Signs related to protein deficiency are edema (fluid retention or swelling), reduced muscle mass, dull skin and fine, brittle hair.
Excess protein
The risk of having excessive protein intake from food is slim.
However, some scientific studies carried out with high protein diets have shown an increase in gastrointestinal disorders or a higher risk of osteoporosis or kidney stones.

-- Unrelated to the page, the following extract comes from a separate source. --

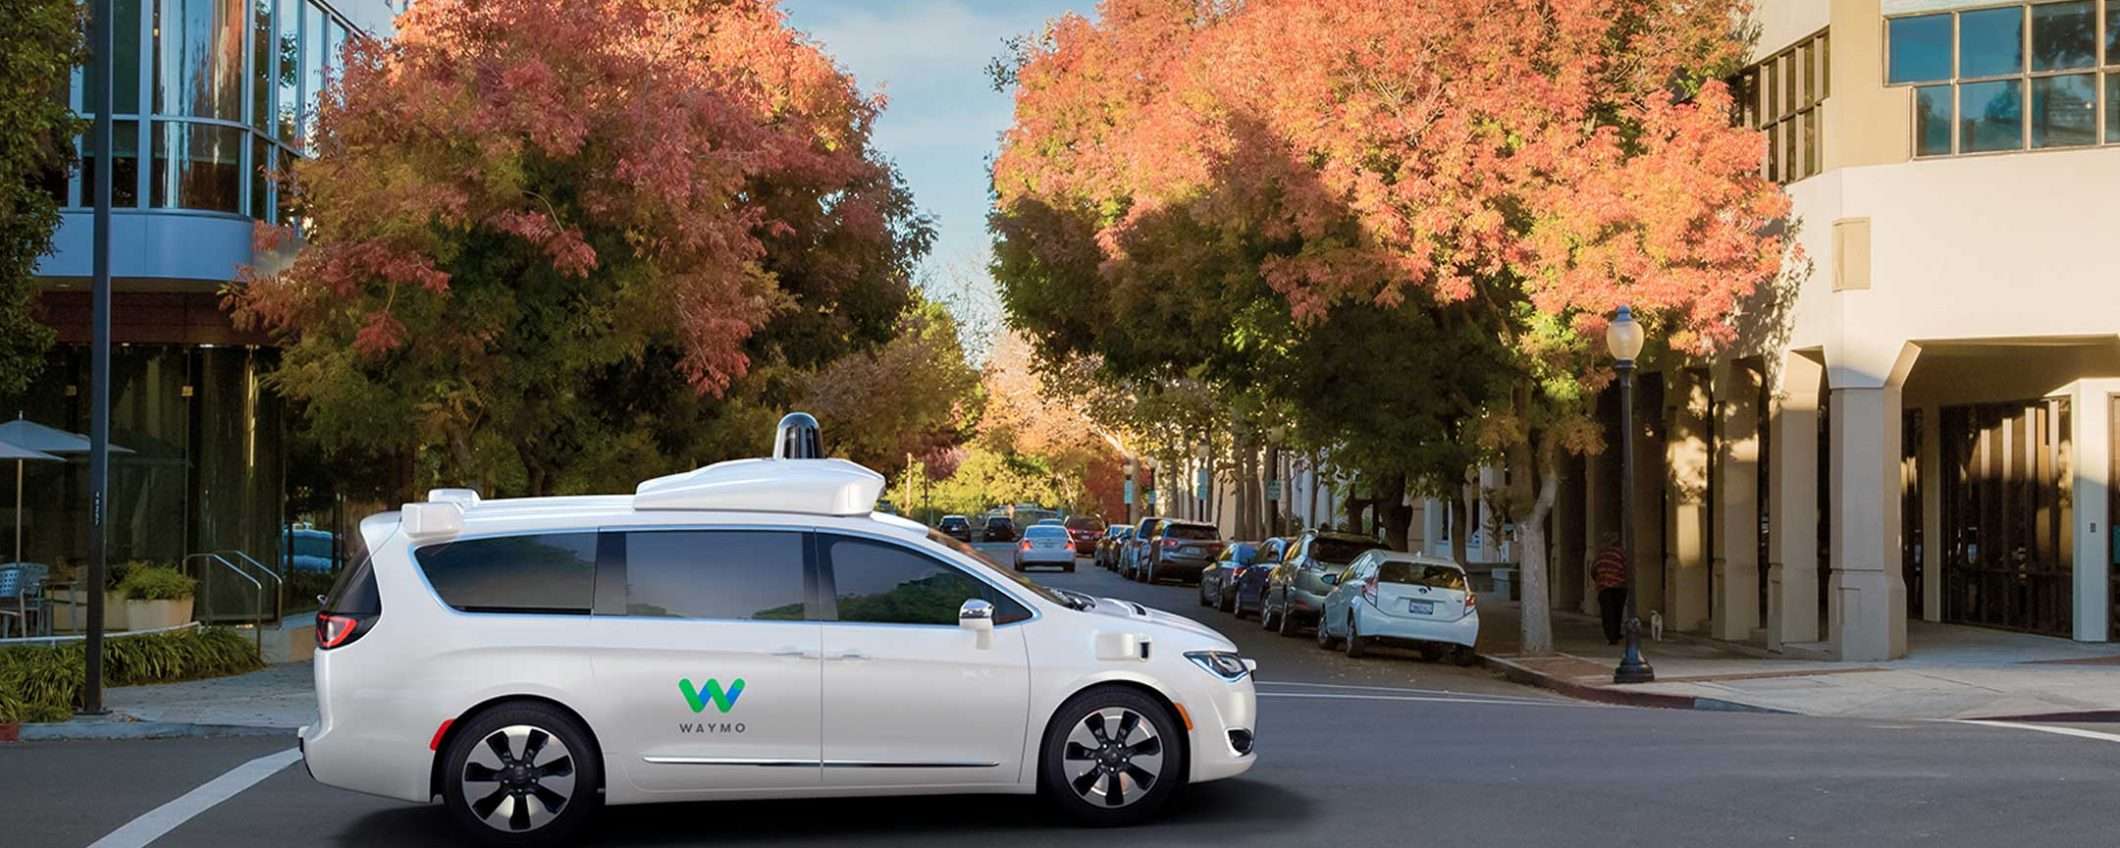 Self-driving car: Waymo cerca investitori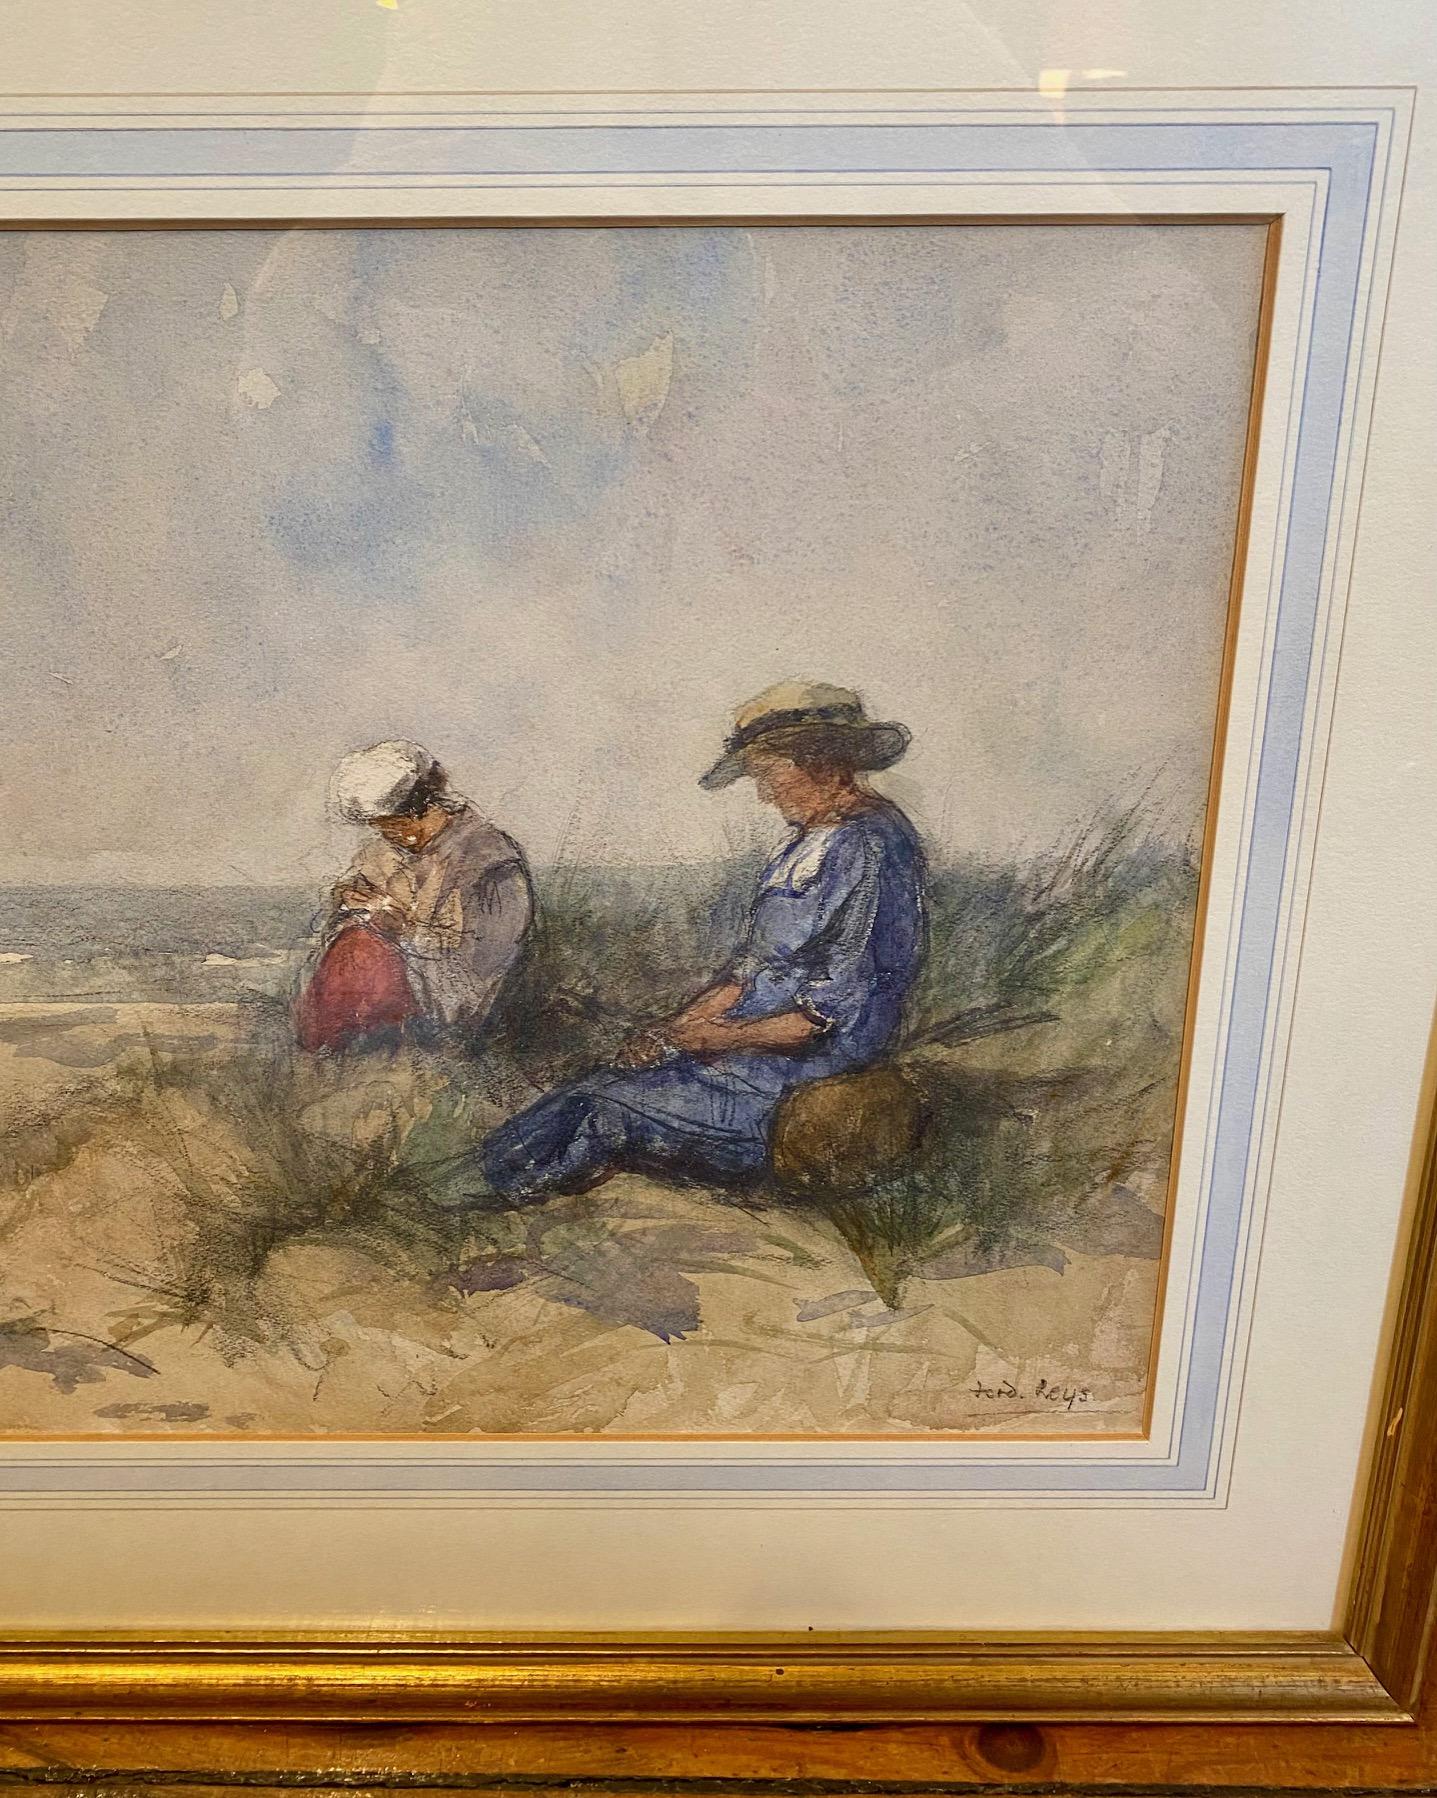 Aquarelle impressionniste Scène de rivage par Ferdinand Leys (Belge : 1873 -1960), circa 1920, une aquarelle originale sur papier peinte à la main vue impressionniste de deux figures féminines assises dans une dune de sable, avec l'océan calme

On the other hand, the most recent data suggest that protein intake is not linked to the loss of calcium from the bones or to other negative effects on bone health.
Some high protein diets are often very high in animal protein and therefore high in saturated fat as well. It is therefore not surprising to see in the literature the correlation between the consumption of red meat and high-fat dairy products and cardiovascular diseases as well as certain types of cancer.
People with chronic kidney disease and certain genetic disorders should continually assess their protein intake and should work with a dietitian to achieve this.
Protein interactions with other nutrients
Interactions between proteins and other nutrients are extremely numerous.
For example, they are responsible for transporting the smallest nutrients into and out of the body’s cells. In this sense, it can be said that an optimal nutritional state is essential for the proper functioning of the whole organism.
Chemical Properties of Proteins
Proteins are the basic macro nutrients of all living organisms. Amino acids linked together by peptide bonds form polypeptide chains. These polypeptide chains arranged together form, in turn, proteins.
The protein chains are synthesized inside the cell itself, in the ribosomes. The sequence of amino acids, called sequence, will determine their structure and function. All amino acids (except proline) consist of a carboxylic acid, a primary amine and a side chain.
There are 22 protein ogenic amino acids, 9 of which are called essential, which the body cannot synthesize.
Protein electrophoresis is a method of protein analysis mainly used in medicine for the study of blood plasma. It allows to analyze from a simple blood test, the level of different proteins contained in the body.
Thus, it is possible to measure albumin, the rate of which indicates malnutrition or certain pathologies of the liver or kidney.
Protein history
Proteins were discovered in 1835 in the Netherlands by chemist GJ Mulder.
The name protein comes from the Greek word “protos” which means first, in the essential sense.
Since then and over the centuries, the multiple roles of proteins in the human body have not ceased to be highlighted by scientists.